Here's another interesting article:

While American women see super-thin stick models and feel unattractive and unhappy about their average or curvy bodies, men don't feel the same way. Fully 80 percent of men ages 18 to 50 say they want a voluptuous woman, according to former plus size model Nancy Hayssen, who has written a book every woman could love based on the title alone: "101 Sexy Secrets: How to Be Hot, Sexy & Beautiful at ANY Size!" Another 15 percent of men prefer a woman of average size, while just 5 percent opt for a super skinny lady.

I totally agree that it's absurd to allow ourselves to be manipulated by the moguls in the fashion and entertainment industries, but I also think that the backlash against super-thin, sullen, pouty fashion models is missing the point. All we're doing is replacing one stereotyped view of female attractiveness with another. The point we should be making to our daughters is that their self-worth should not be defined to them by how attractive they're perceived to be, whatever concept of "attractiveness" you subscribe to.
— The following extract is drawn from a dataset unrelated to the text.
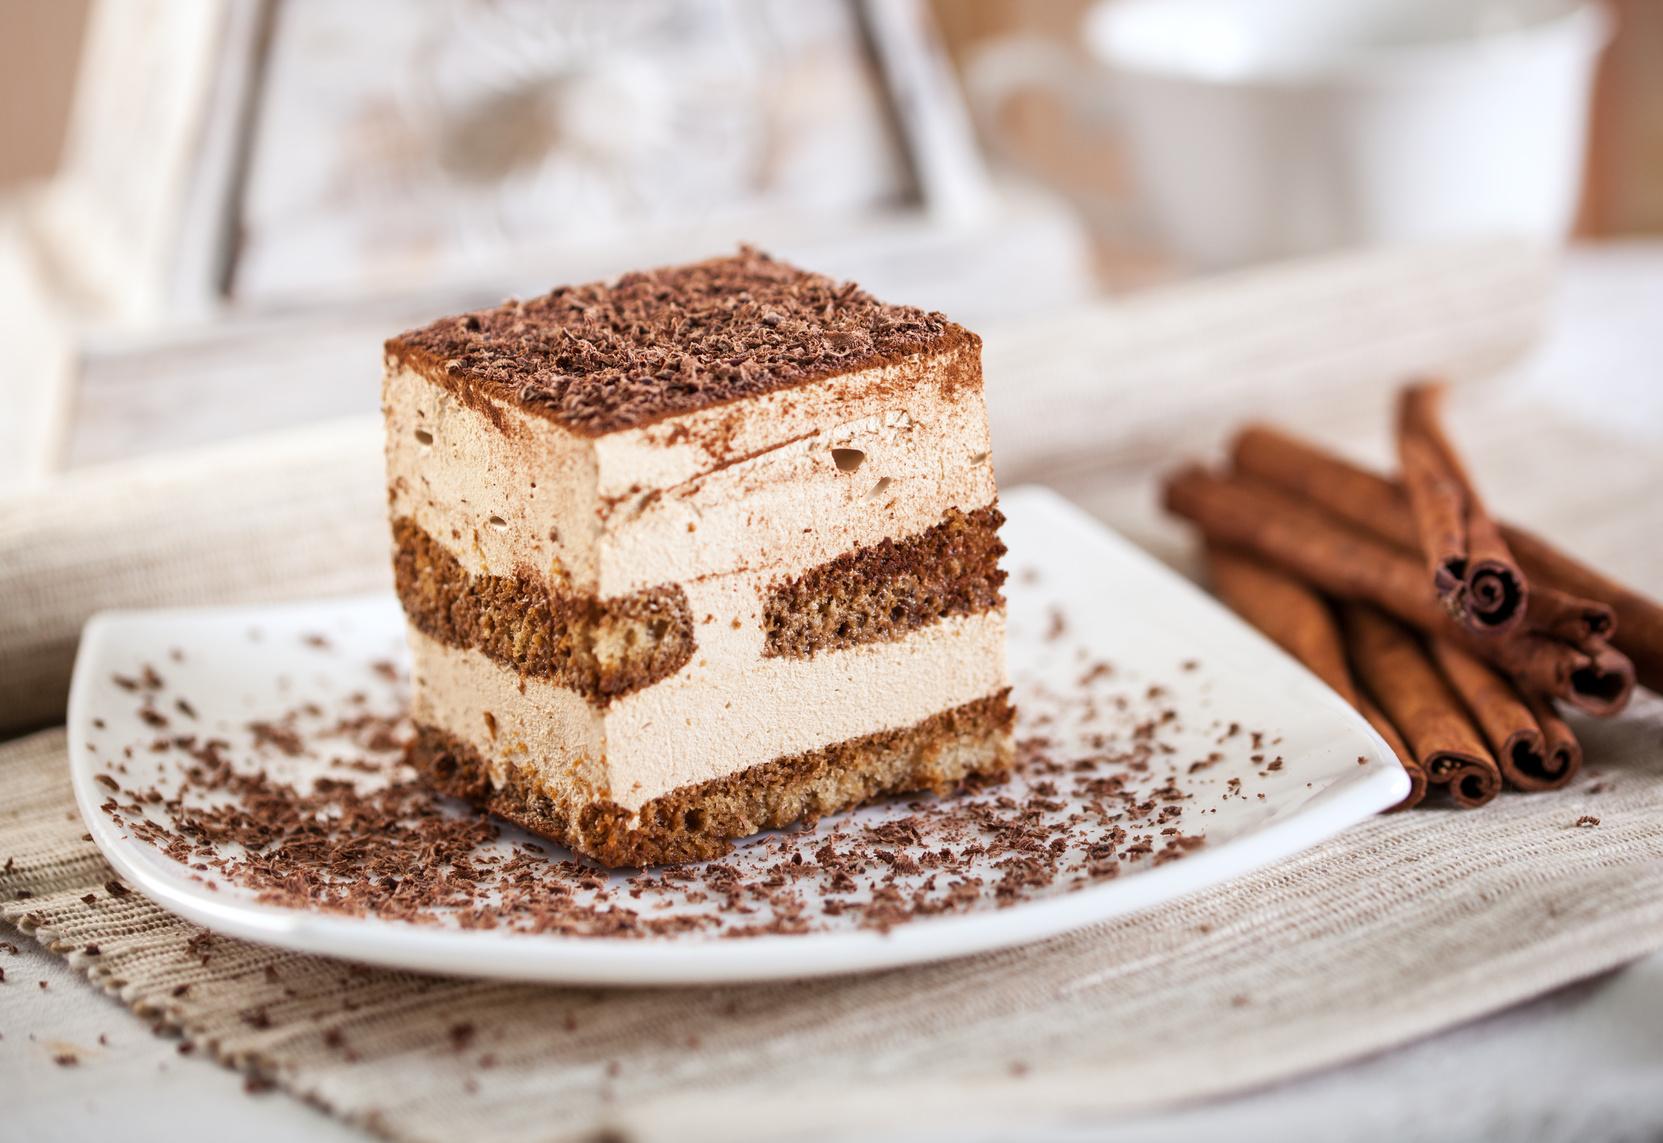 Easy Cake Recipt

Whichever way our society's "attractiveness pendulum" happens to be swinging at the moment is not the point. The point is that the pendulum itself is irrelevant and insulting. A young woman's self-worth does not depend on how "hot" she is.

That's the real damage we do to our daughters ... allowing them to believe that they are worthwhile and important in our society in proportion to how pretty their face is or how big their tits are.

And by the way, if you haven't seen Katie Makkai's presentation of "Pretty", you owe it to yourself to watch ...

http://www.youtube.com/watch?v=M6wJl37N9C0

The entire basis of female worth in our society is based on her looks. "Will I be worthy ... wanted ... pretty?" Even women who are strong and capable and accomplished are subjected to this scrutiny about their looks. Remember Janet Reno?

This so permeates our society that we don't even think about it. Sure, everybody likes a pretty girl, but for every young woman in a magazine ad or who turns heads walking down the street, there are a hundred ... two hundred ... three hundred more who are discounted or not taken seriously because of her looks.

And let's be careful about the notion that it's ok to be overweight and out of condition as long as you "feel good about yourself." The issue here is our health, not "feeling good about our body." What matters is taking care of ourselves, eating right, getting the right amount of exercise ... not fooling ourselves into thinking we can let ourselves go, just because it happens to "in" now.

And something I might also point out ... take a look at the picture threads on this site. What do you see? You see pic after pic of jaw-droppingly gorgeous young women, the vast majority of which are rail-thin. And what do we do? We comment on the ones we find the "hottest". We "rate" them with our comments and our votes.

There are some who get angry at what I'm saying. "Just more feminist ranting", they'll say. I'm not saying there's anything wrong with being attractive, nor, on the other side of the coin, is there anything wrong with men having their own idea of what they find attractive to them.

What's wrong is making a woman's attractiveness the criteria for judging her importance in society.